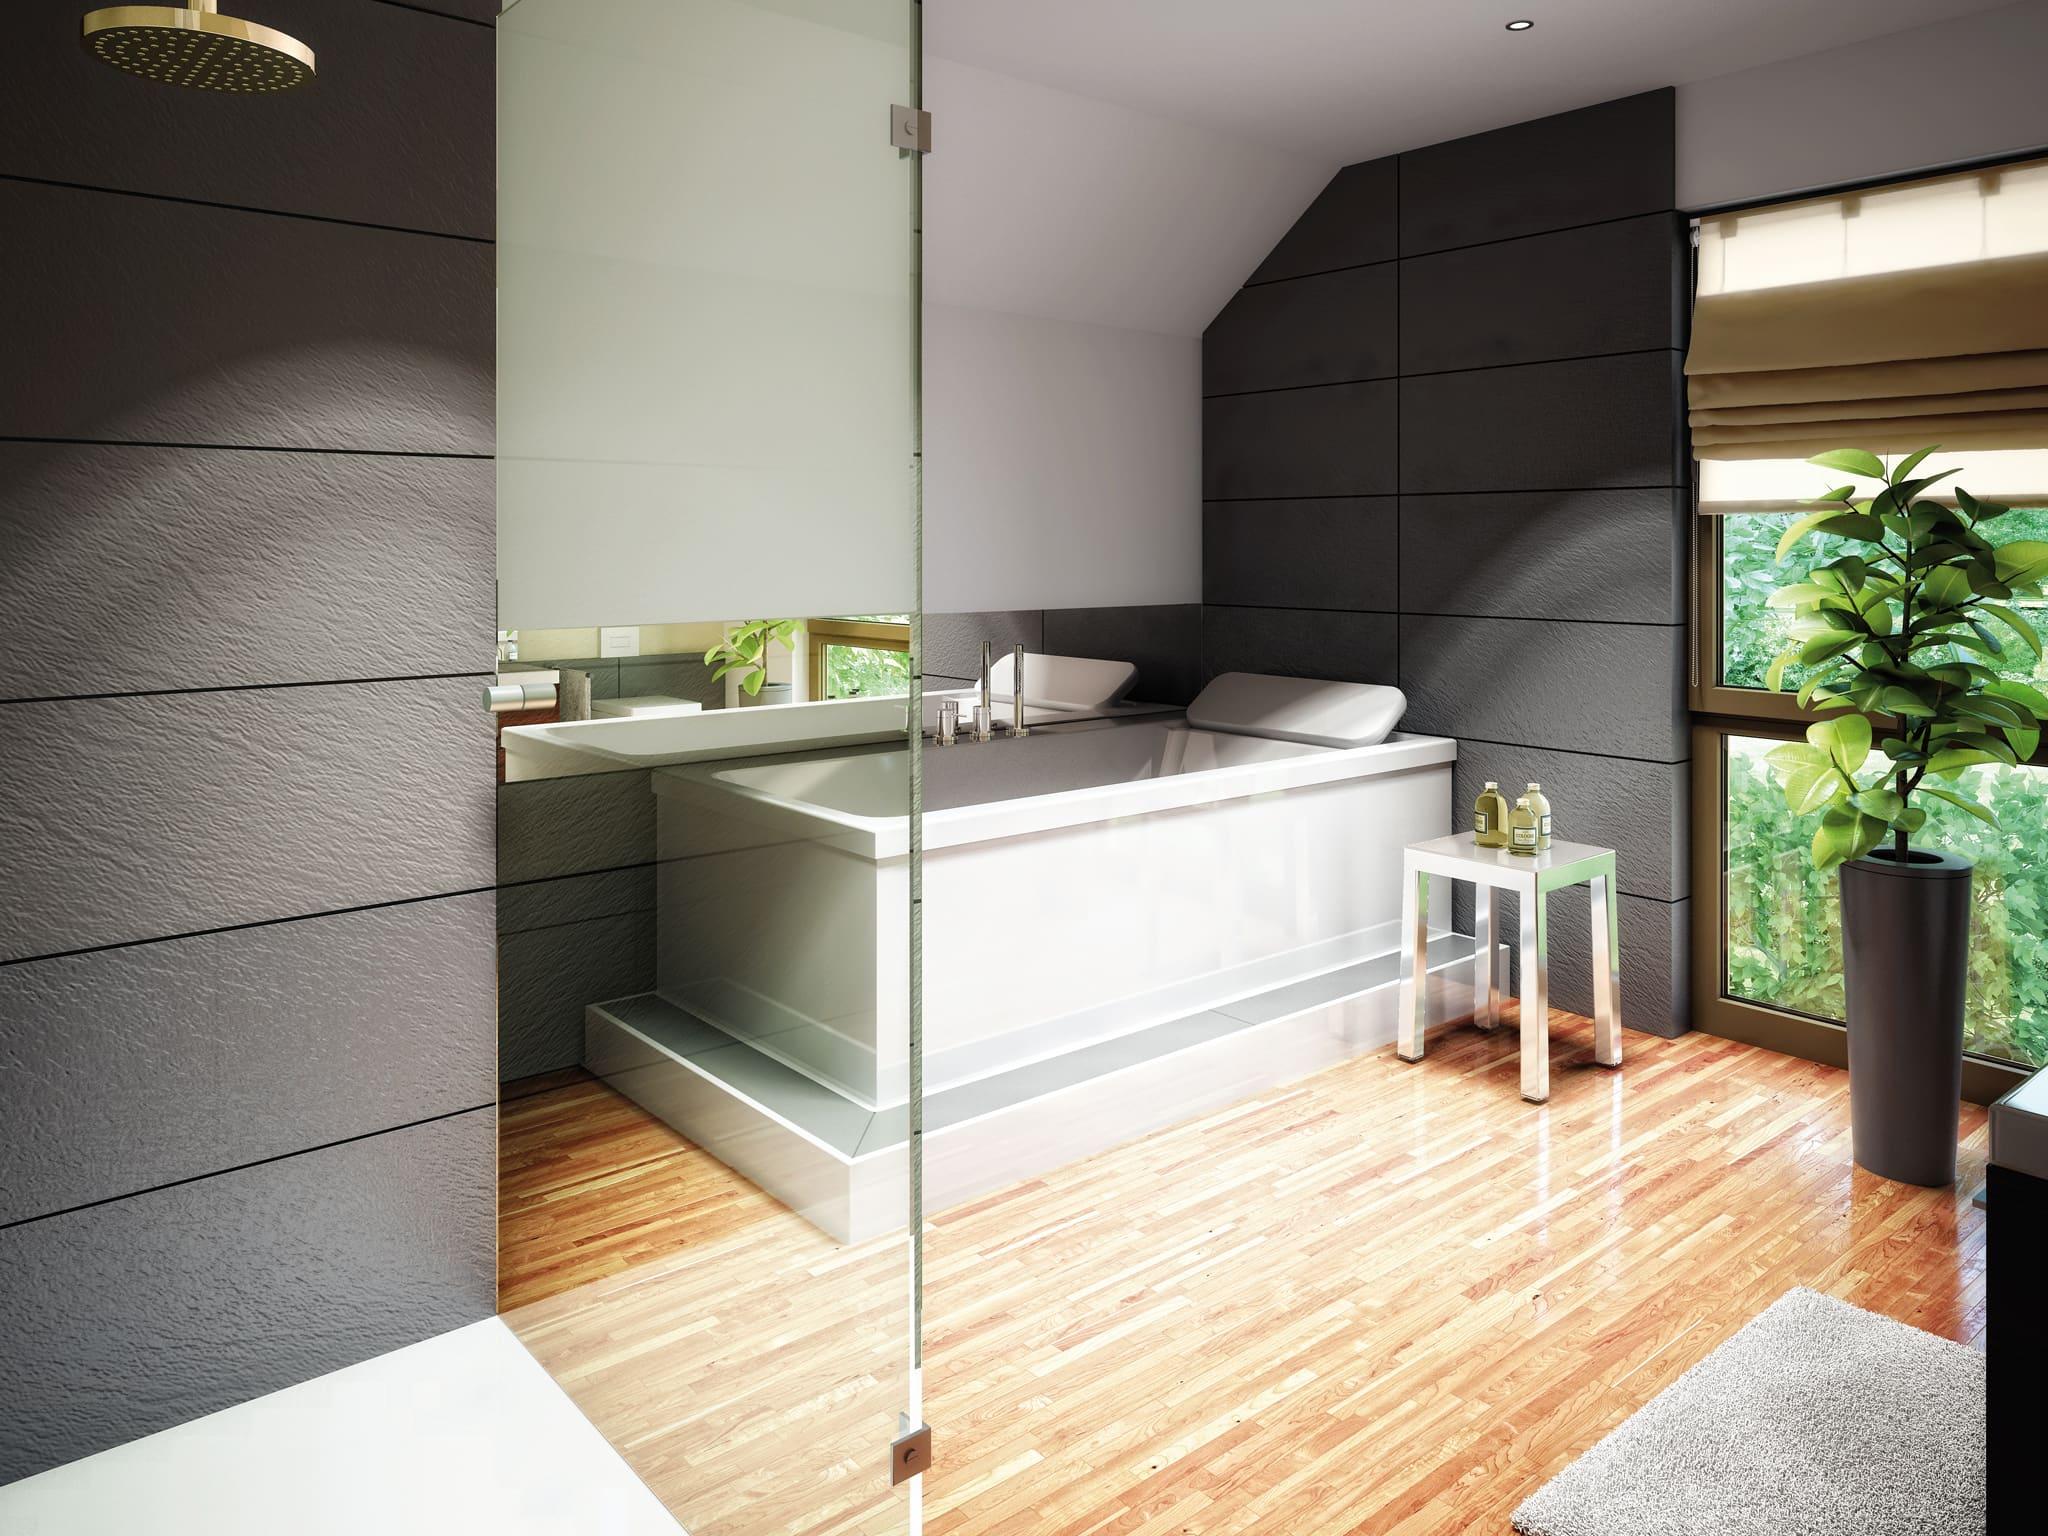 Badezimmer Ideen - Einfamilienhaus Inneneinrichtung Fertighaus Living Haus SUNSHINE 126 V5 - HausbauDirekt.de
...
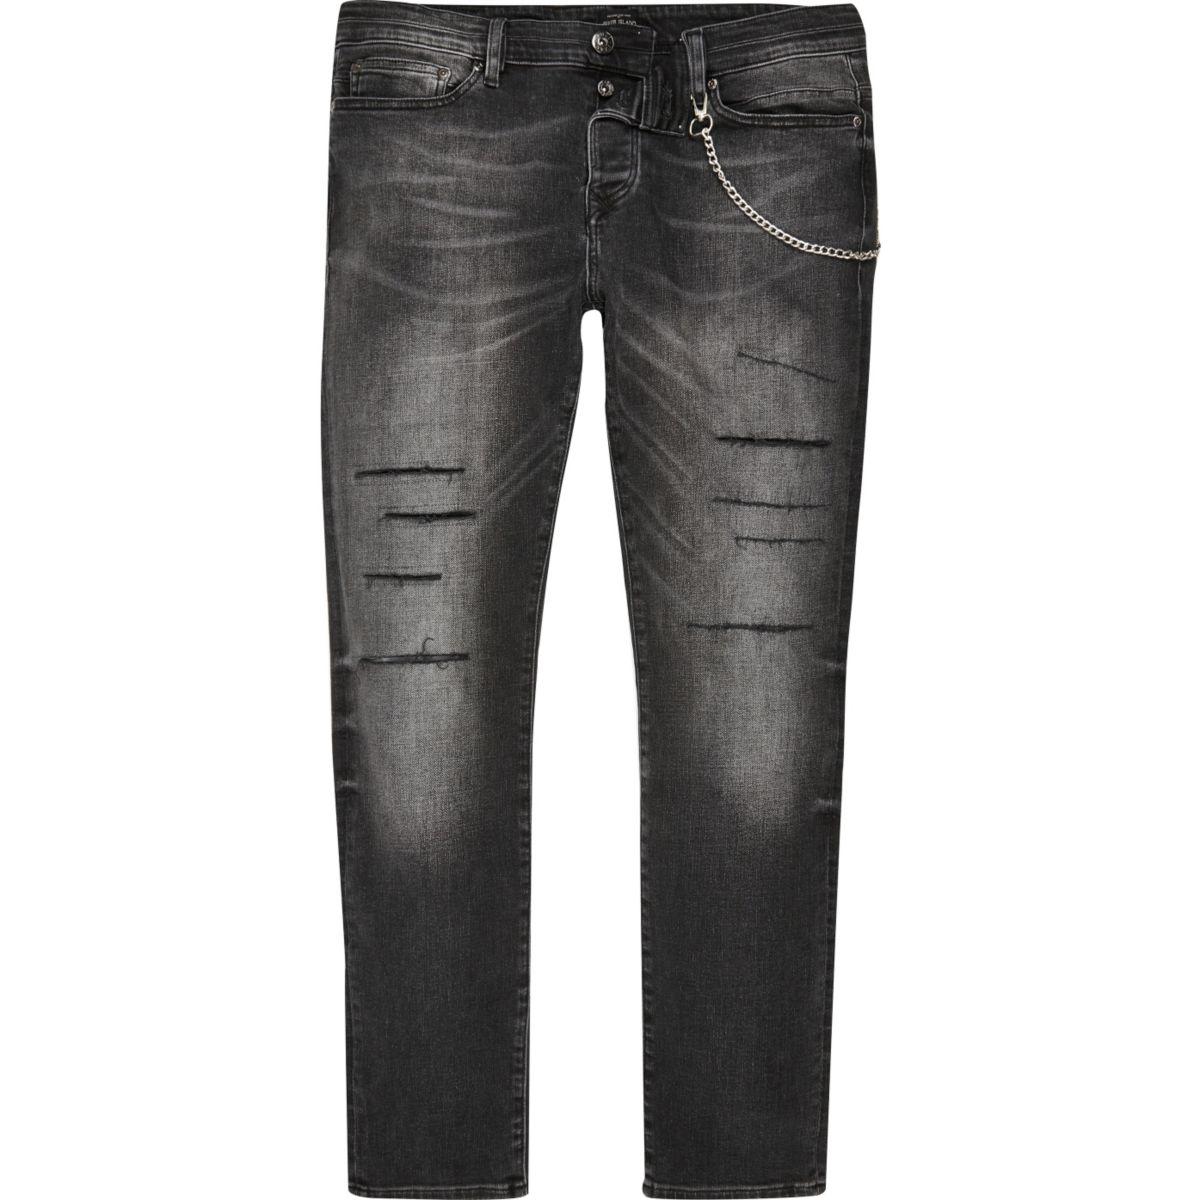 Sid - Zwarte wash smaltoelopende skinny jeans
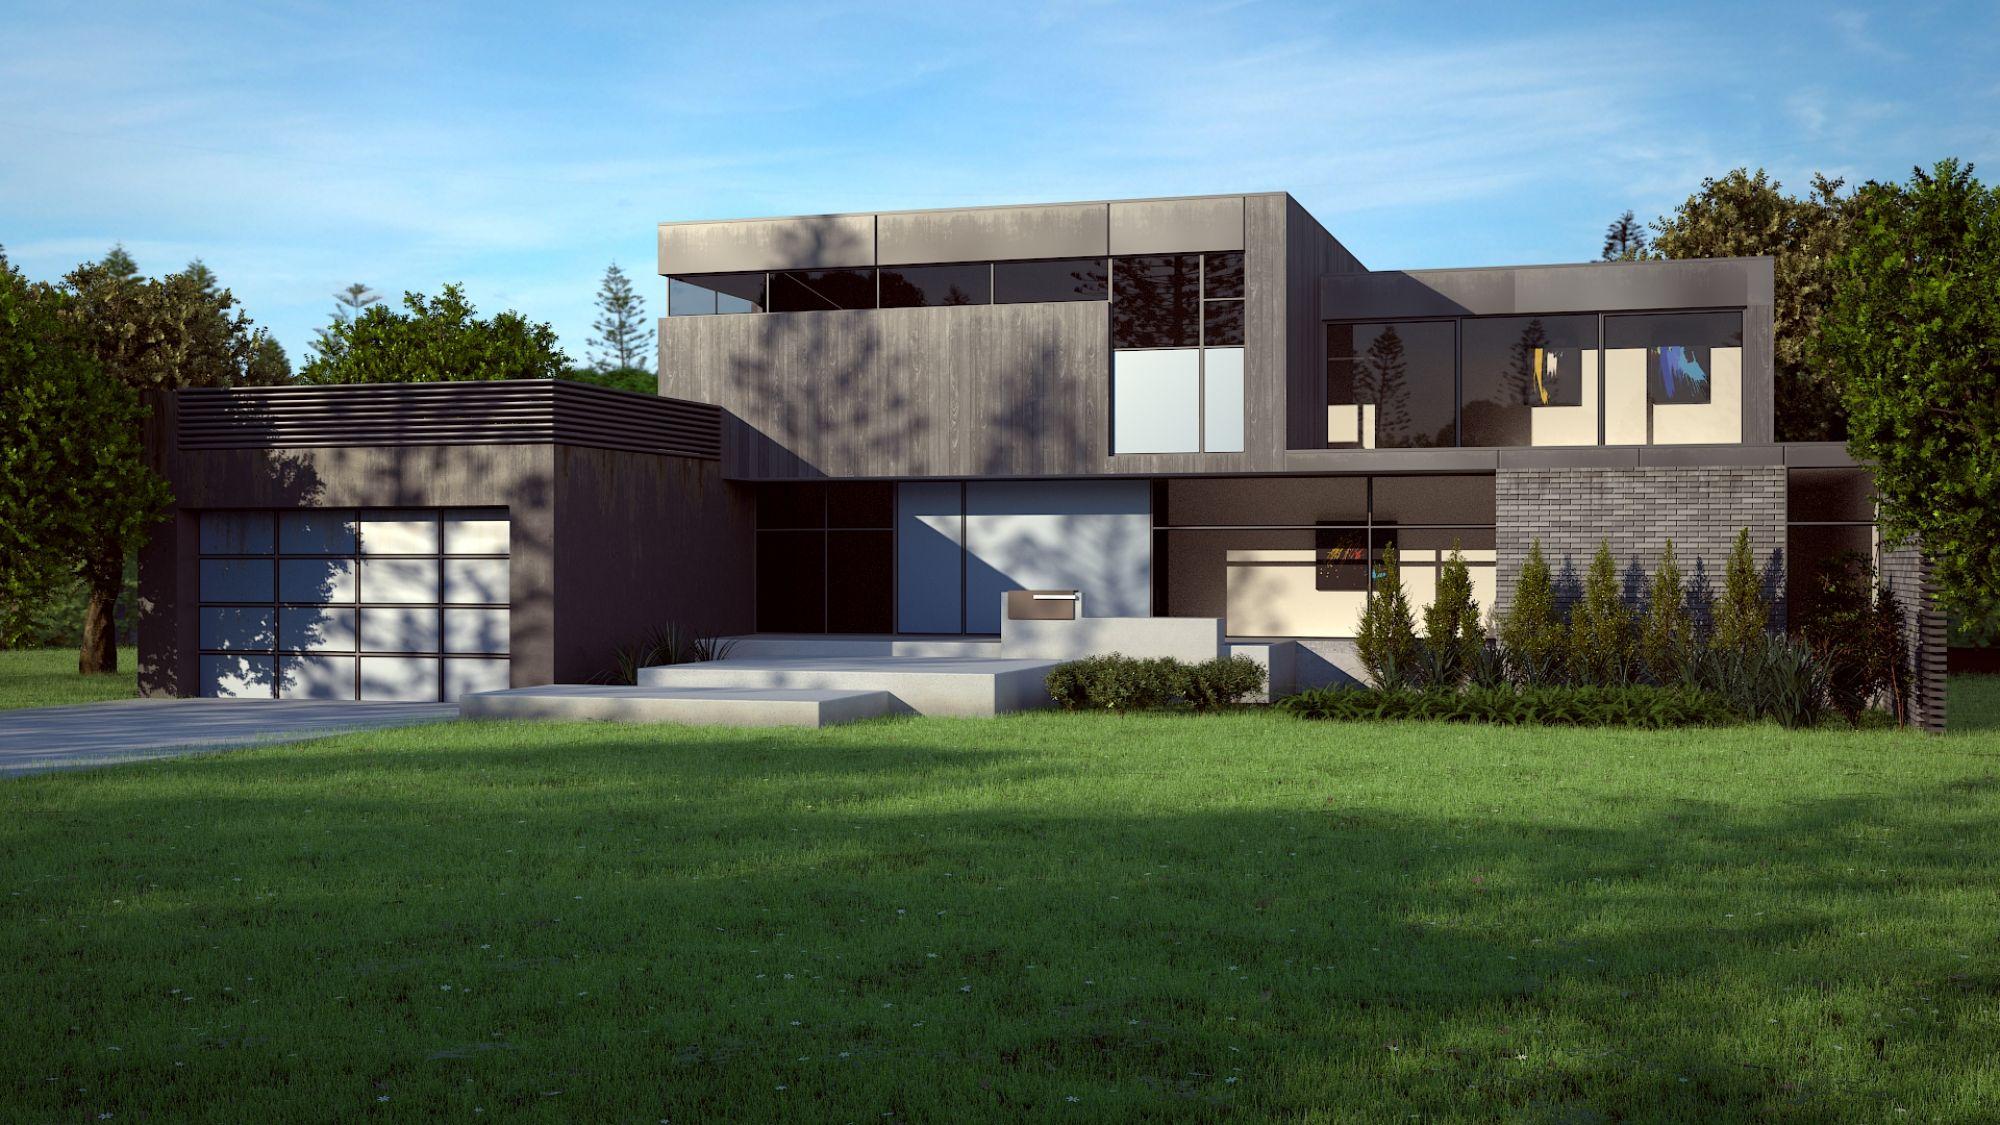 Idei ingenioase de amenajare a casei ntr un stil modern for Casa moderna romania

**Work item**
Reproduce the data above exactly, but only from the line containing "Sid - Zwarte" through the line containing "Idei ingenioase de"; skip the pictures.

**Written response**
 Sid - Zwarte wash smaltoelopende skinny jeans
 Idei ingenioase de amenajare a casei ntr un stil modern for Casa moderna romania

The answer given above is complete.